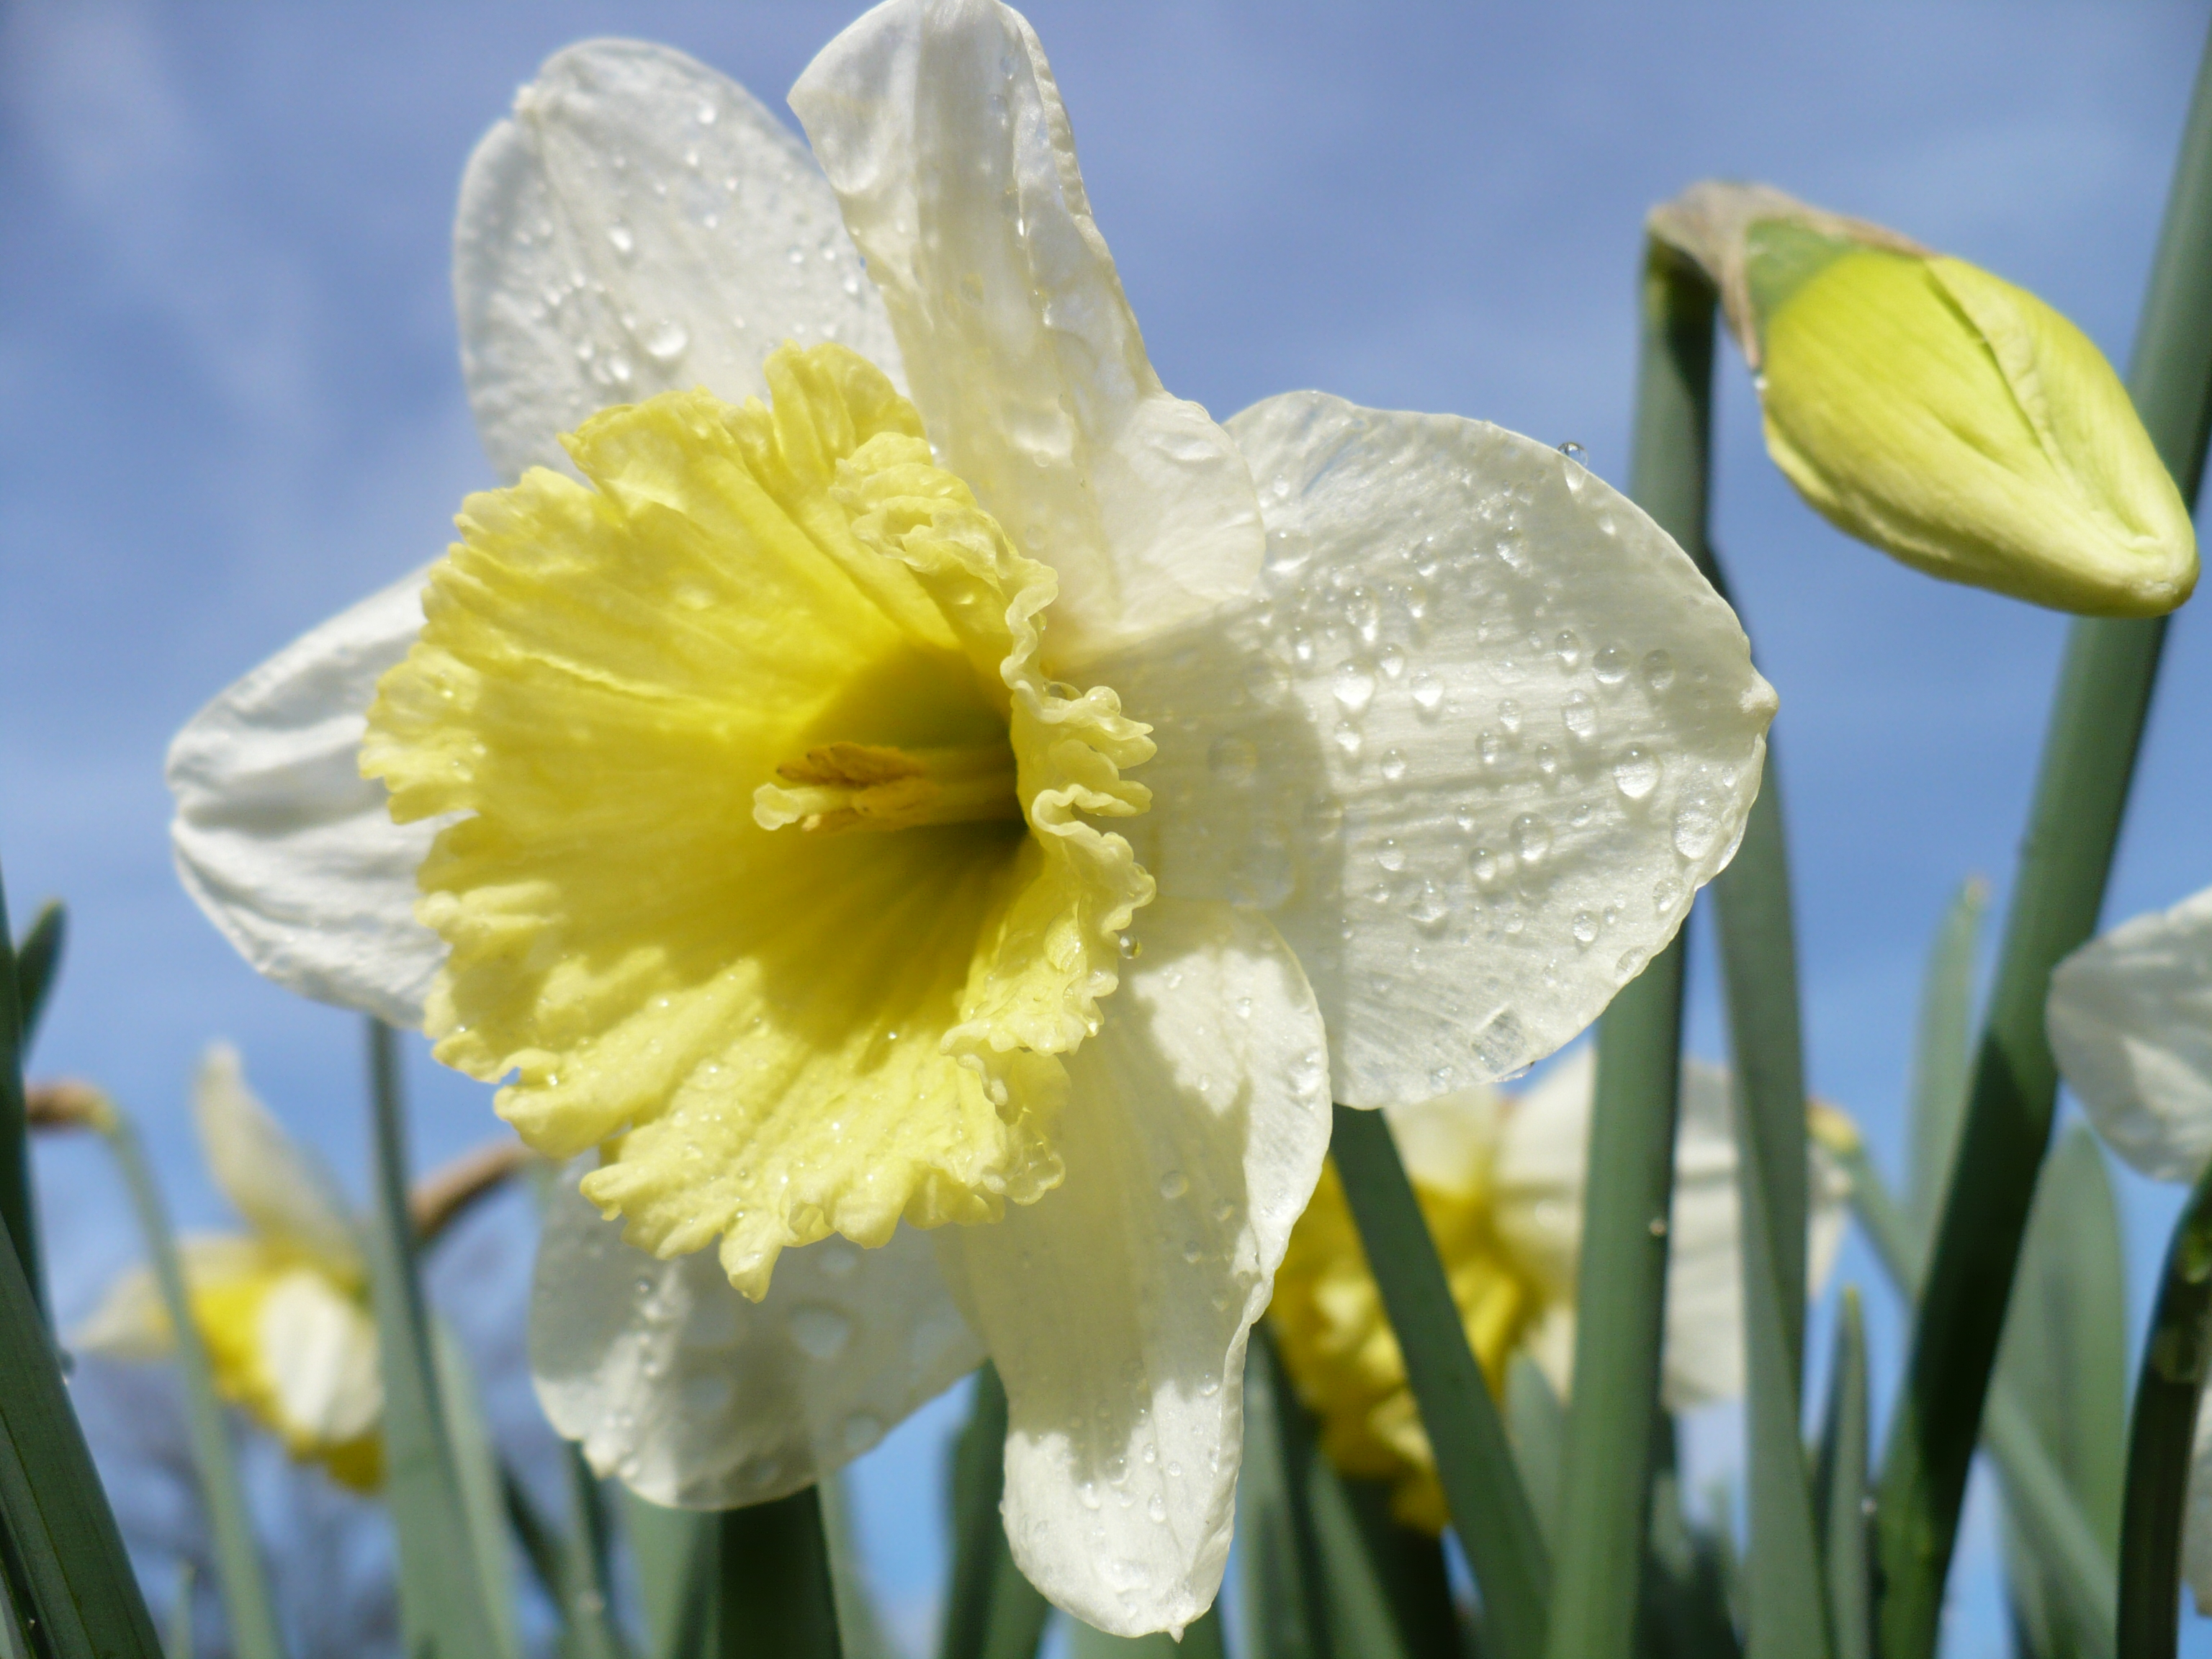 Daffodils, Bulbs, Closeup, Drops, Floral, HQ Photo
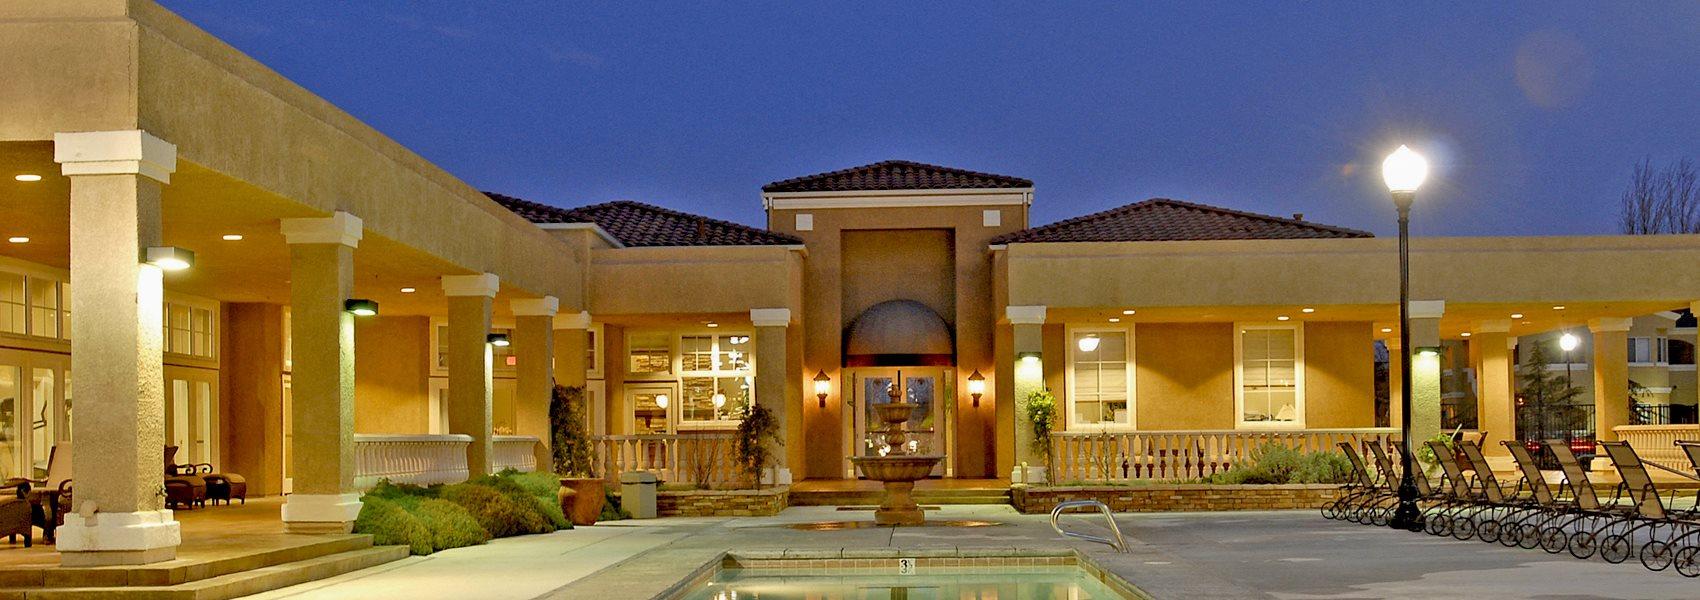 Evening Pool Siena Villas Apts for rent in Elk Grove Ca
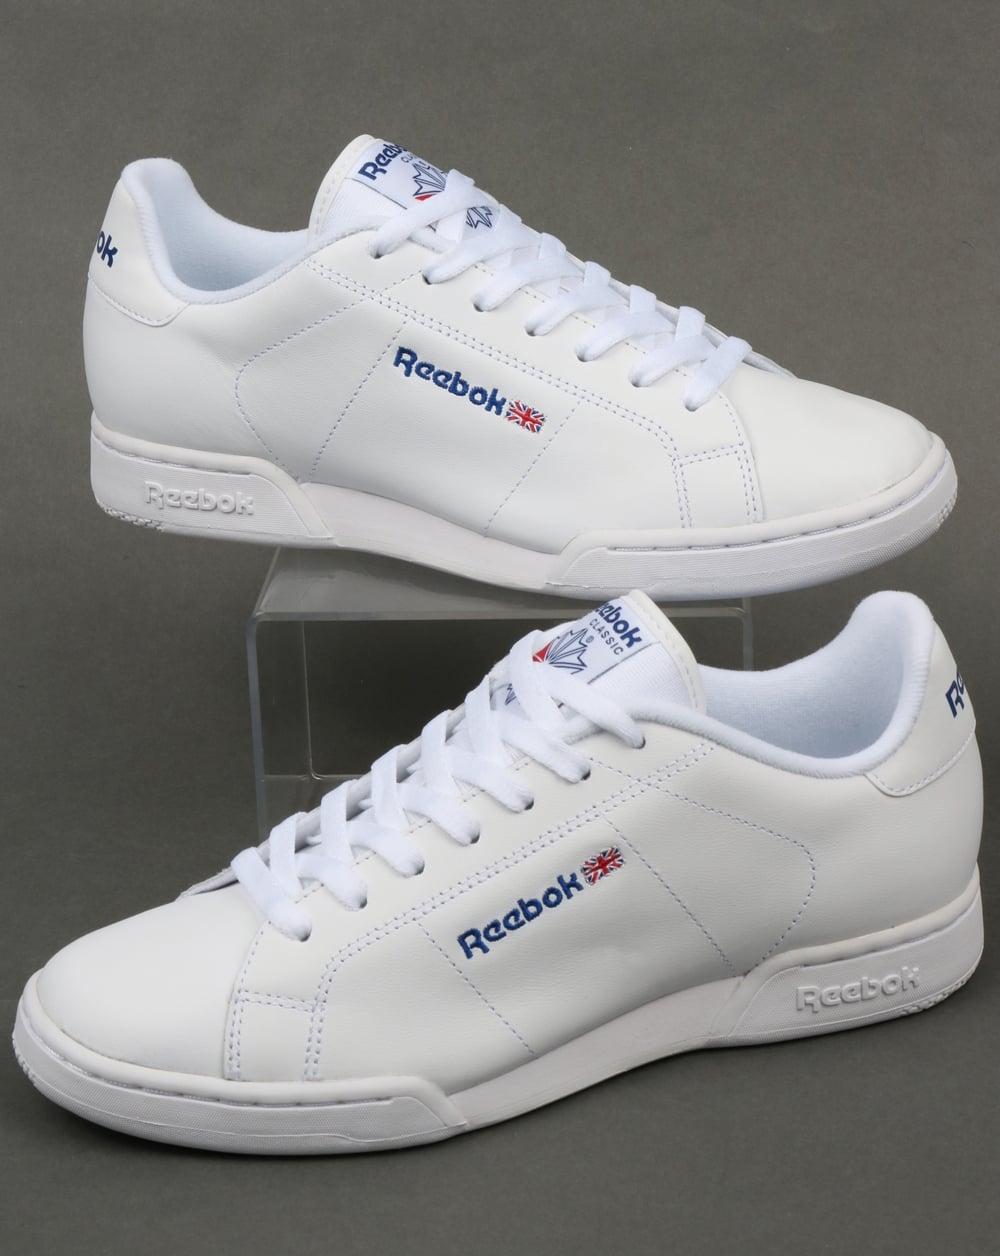 venta directa de fábrica nueva colección detalles para Reebok NPC II Trainers White/White
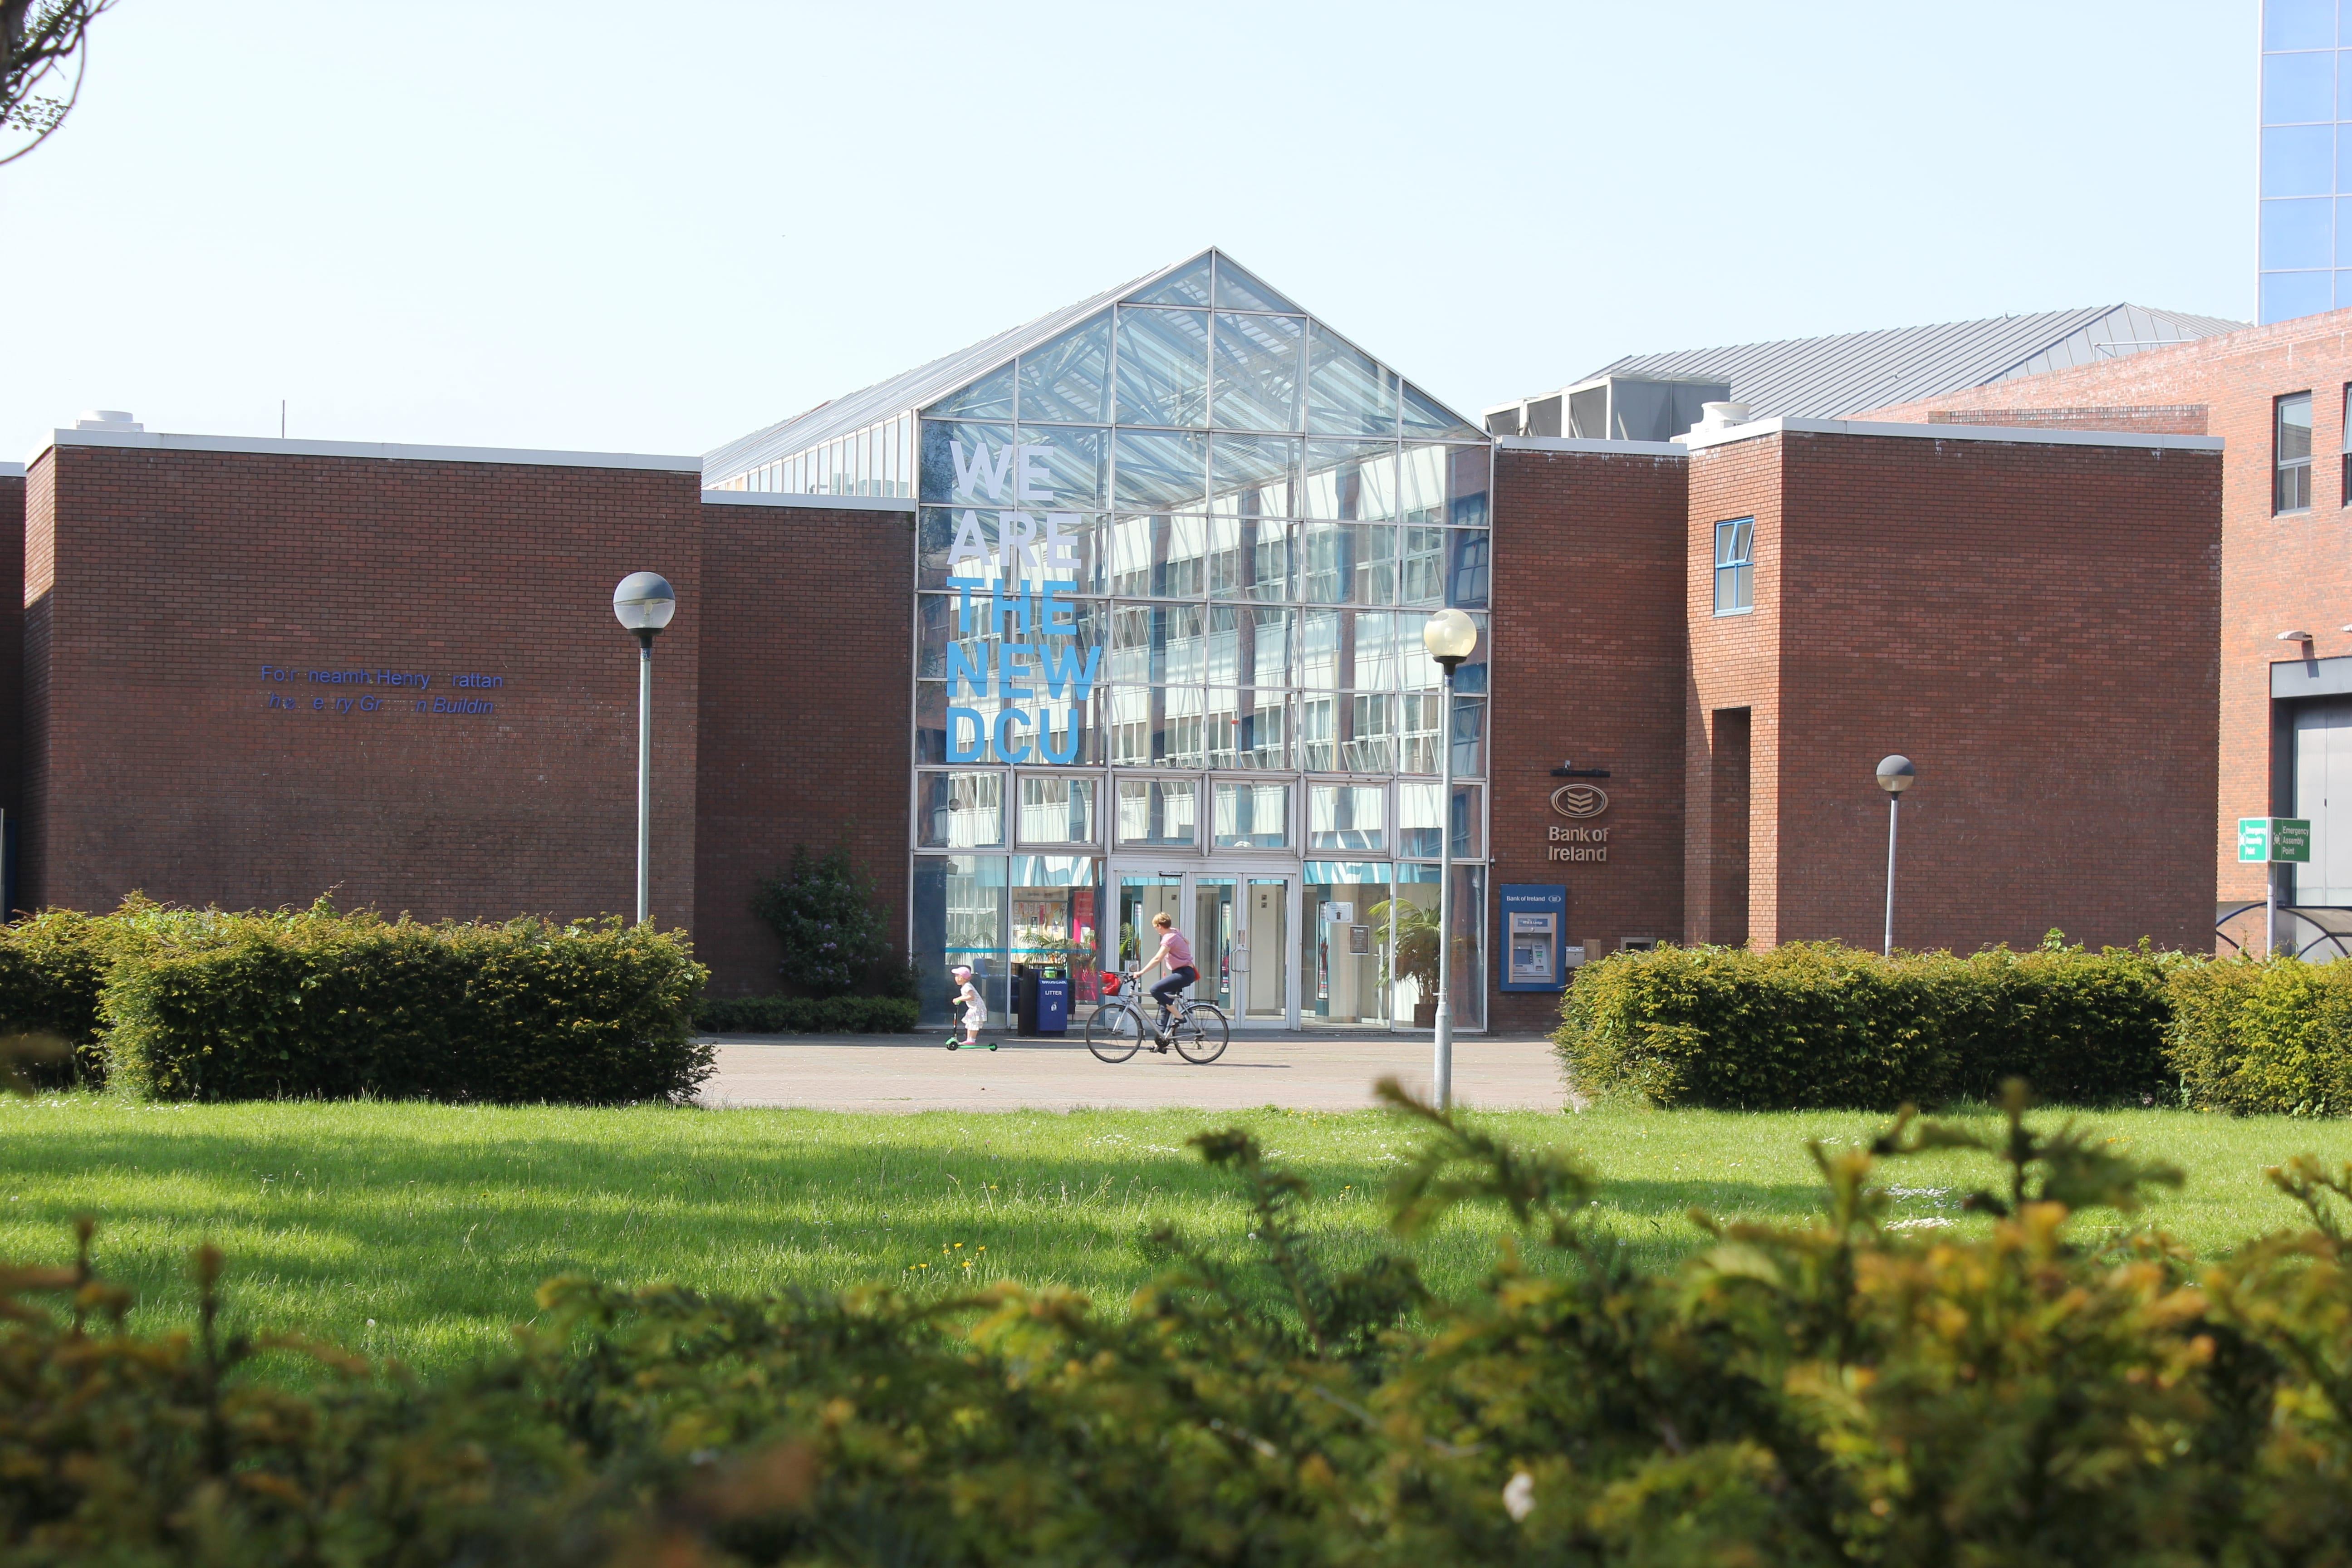 Dublin City University - campus photos - the new dcu

..............................

- PROBLEM: Copy all of the listing word for word, minus the images.

- YOUR SOLUTION:
 Daffodils, Bulbs, Closeup, Drops, Floral, HQ Photo
 Evening Pool Siena Villas Apts for rent in Elk Grove Ca
 venta directa de fábrica nueva colección detalles para Reebok NPC II Trainers White/White
 Dublin City University - campus photos - the new dcu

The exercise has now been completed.